◆ INFORMATION SHOWN ◆
★ ★ ★ ★ ★ ★ ★

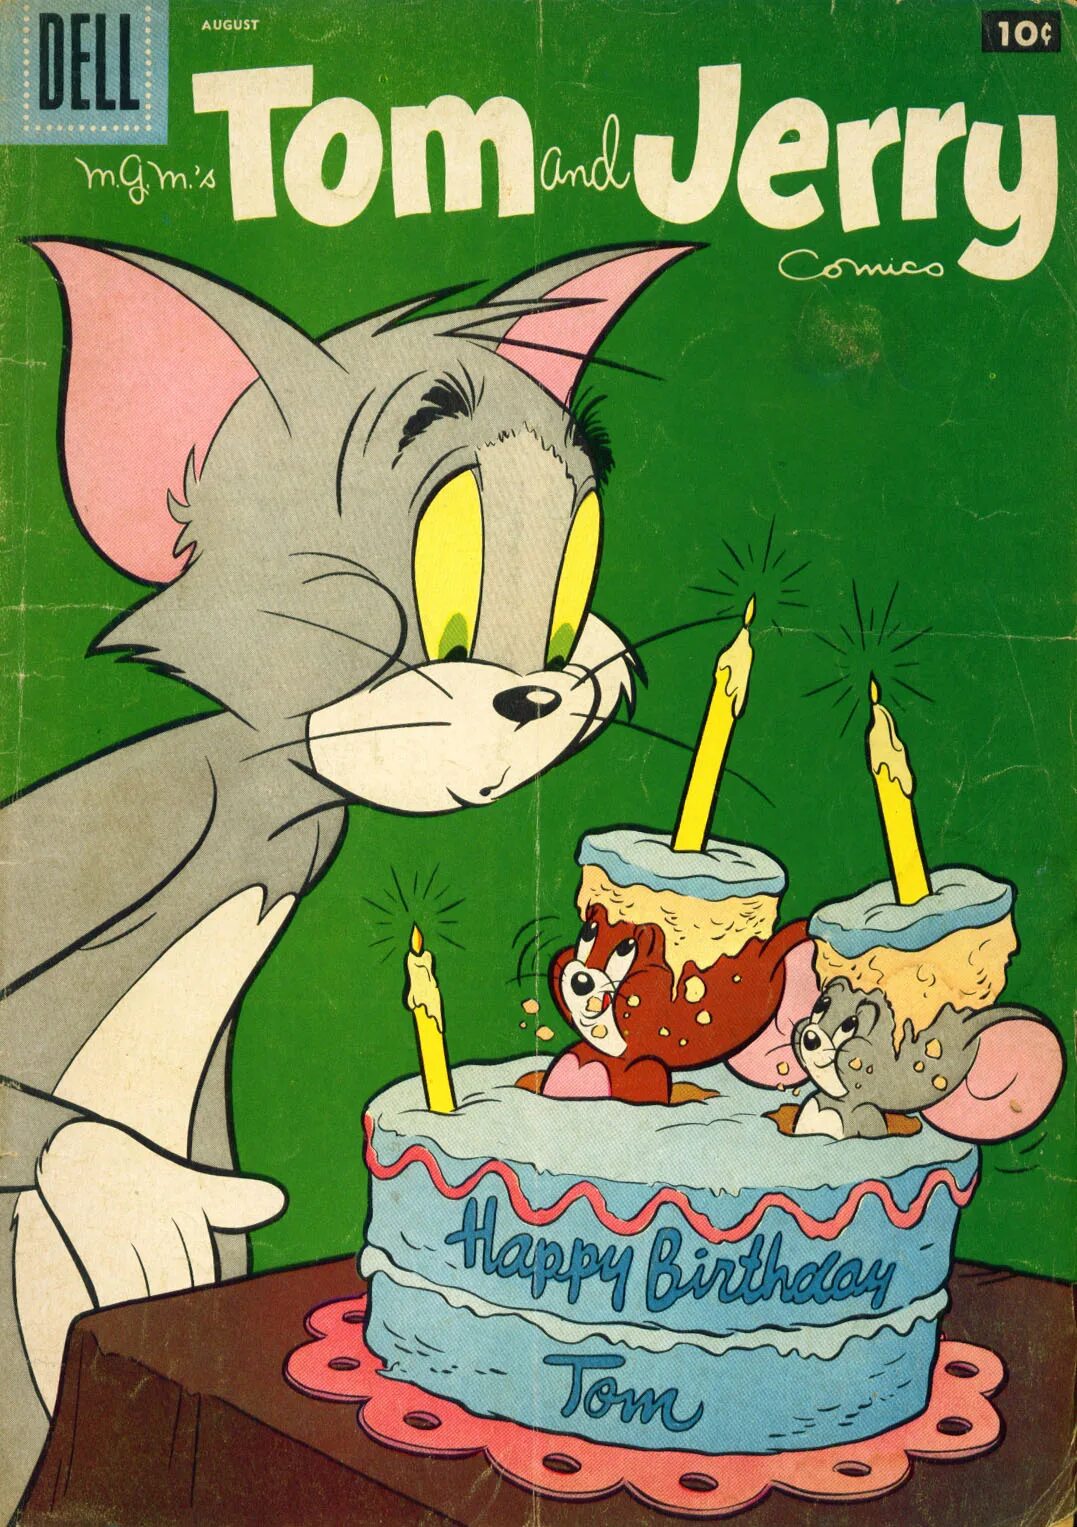 Toms birthday is. Tom and Jerry. Джерри с днем рождения. Юбилей том и Джерри. Том и Джерри поздравляют с днем рождения.
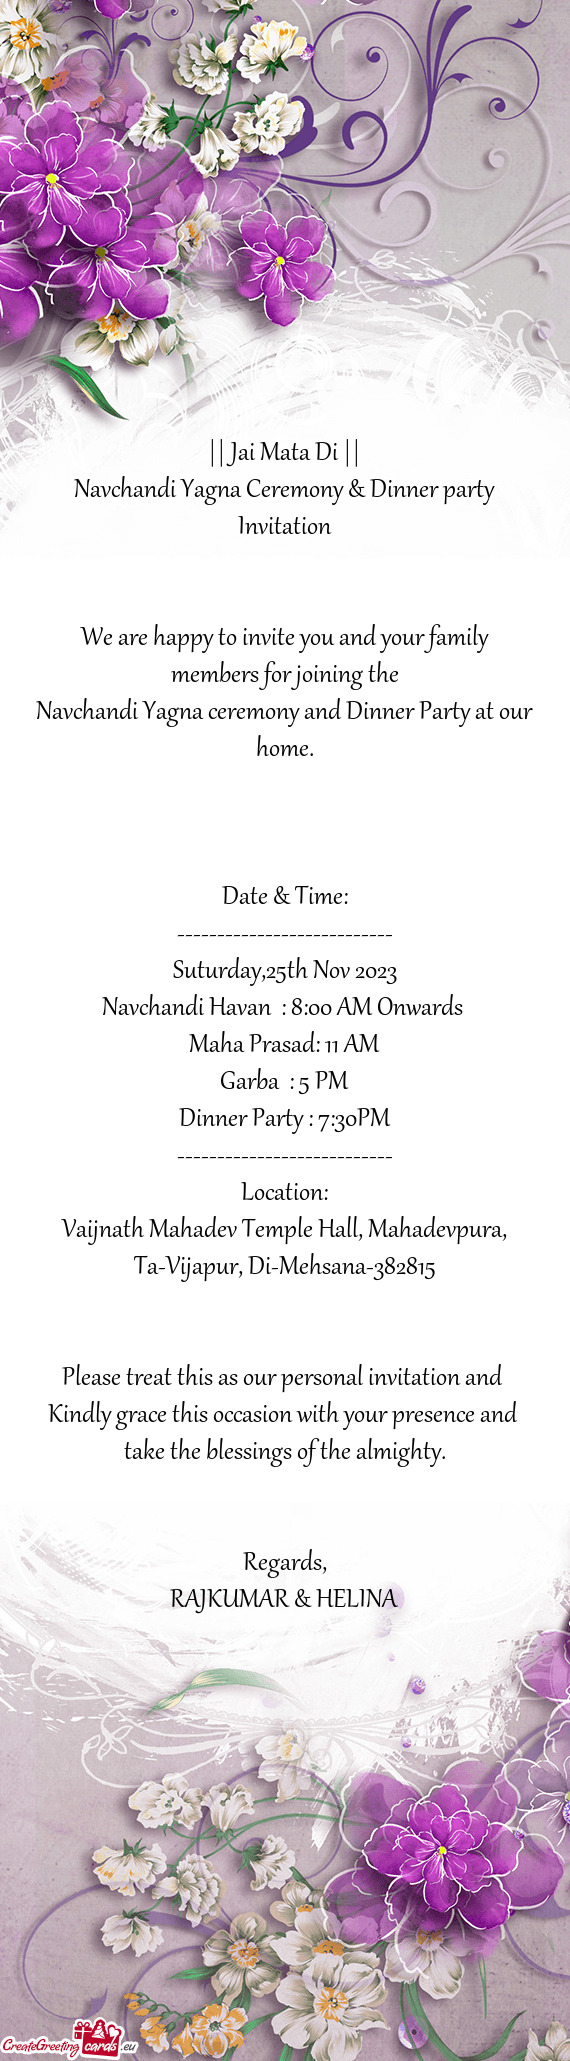 Navchandi Yagna Ceremony & Dinner party Invitation
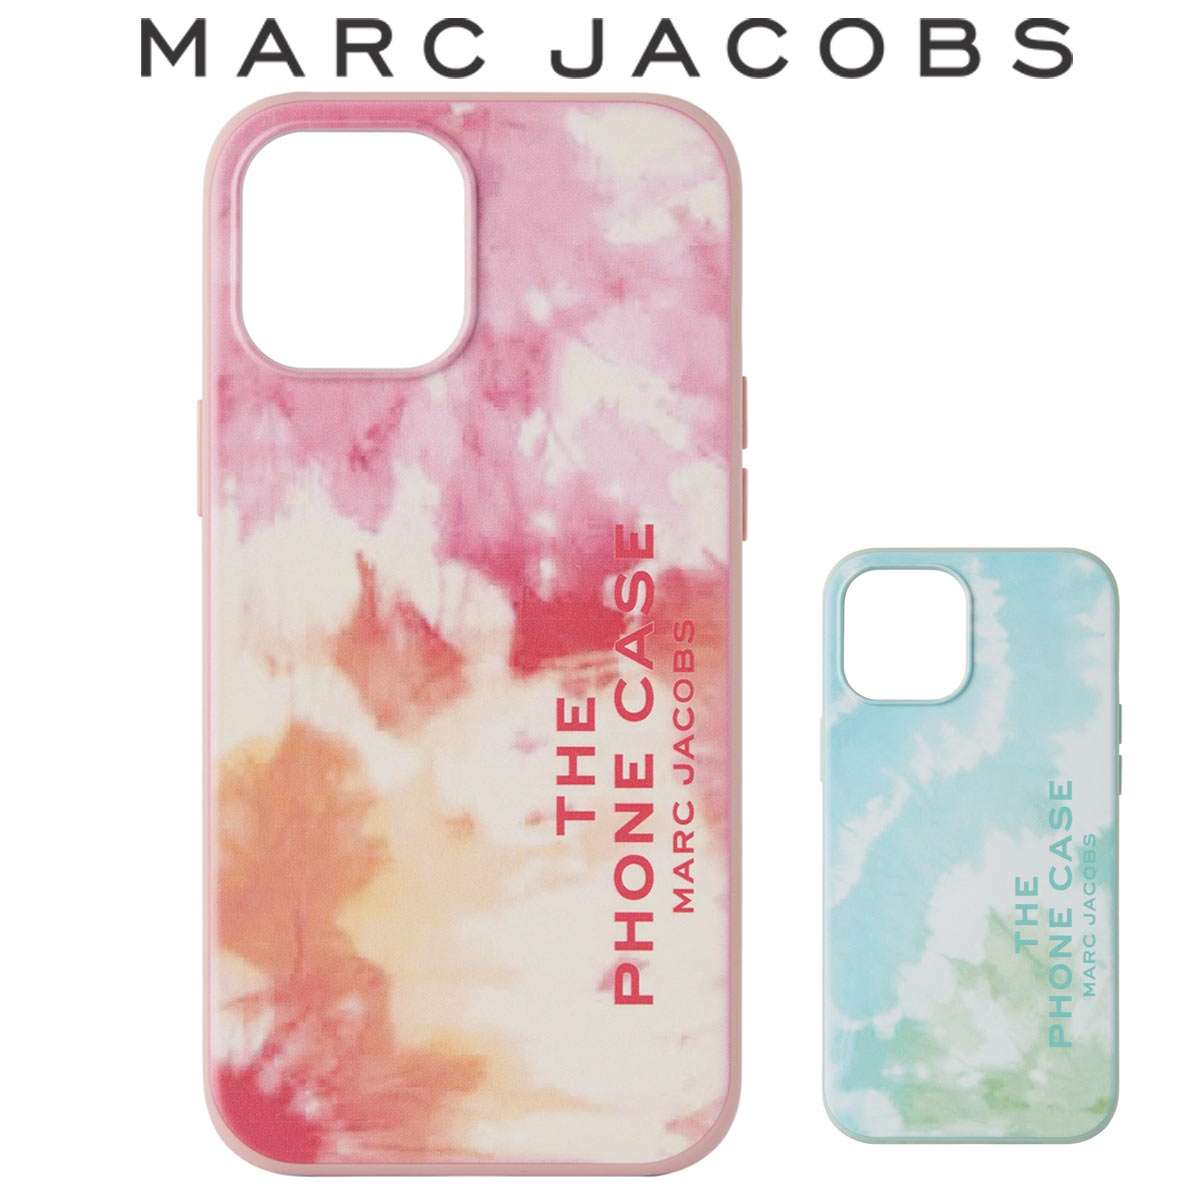 マークジェイコブス iphone12 ケース pro max アイホン 耐衝撃 かわいい オシャレ Marc Jacobs
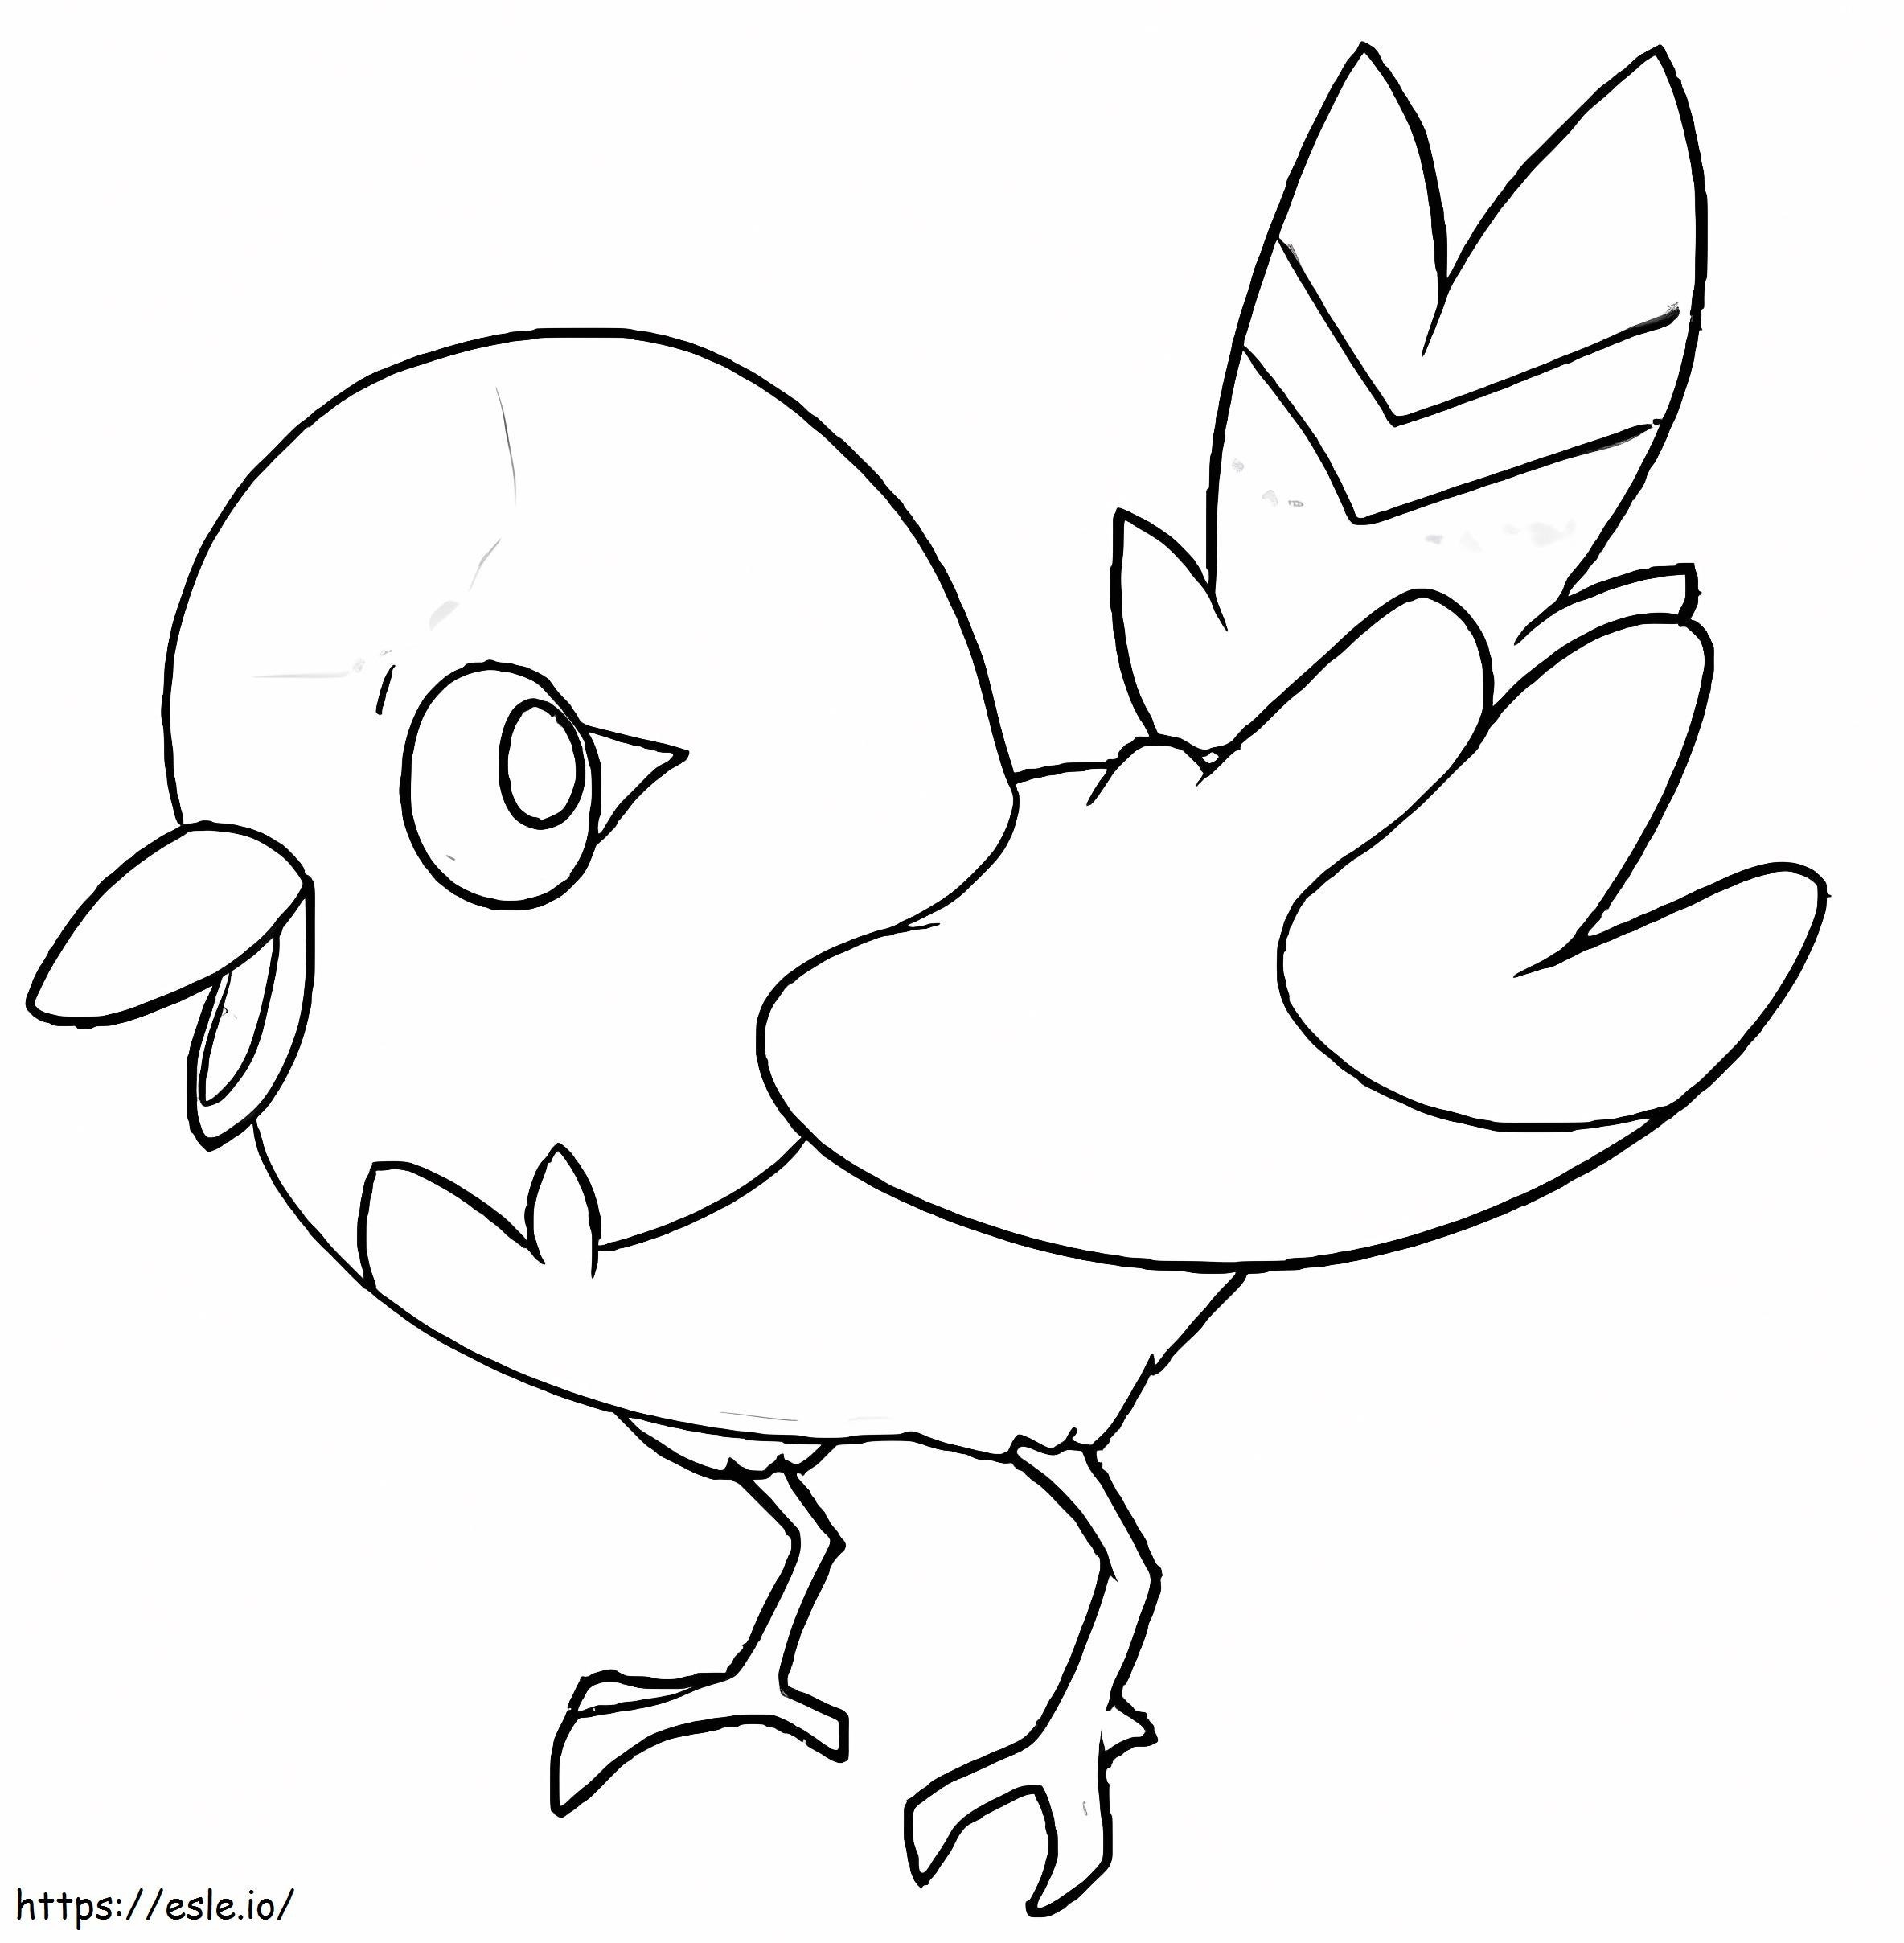 Coloriage Adorable Pokémon Fletchling à imprimer dessin

★ ★ ★ ★ ★ ★ ★

◆ WORK REQUIRED ◆
Copy the entire listing exactly but skip the pictures.

◆ ANSWER SPACE ◆
 Toms birthday is. Tom and Jerry. Джерри с днем рождения. Юбилей том и Джерри. Том и Джерри поздравляют с днем рождения.
 Navchandi Yagna Ceremony & Dinner party Invitation
 マークジェイコブス iphone12 ケース pro max アイホン 耐衝撃 かわいい オシャレ Marc Jacobs
 Coloriage Adorable Pokémon Fletchling à imprimer dessin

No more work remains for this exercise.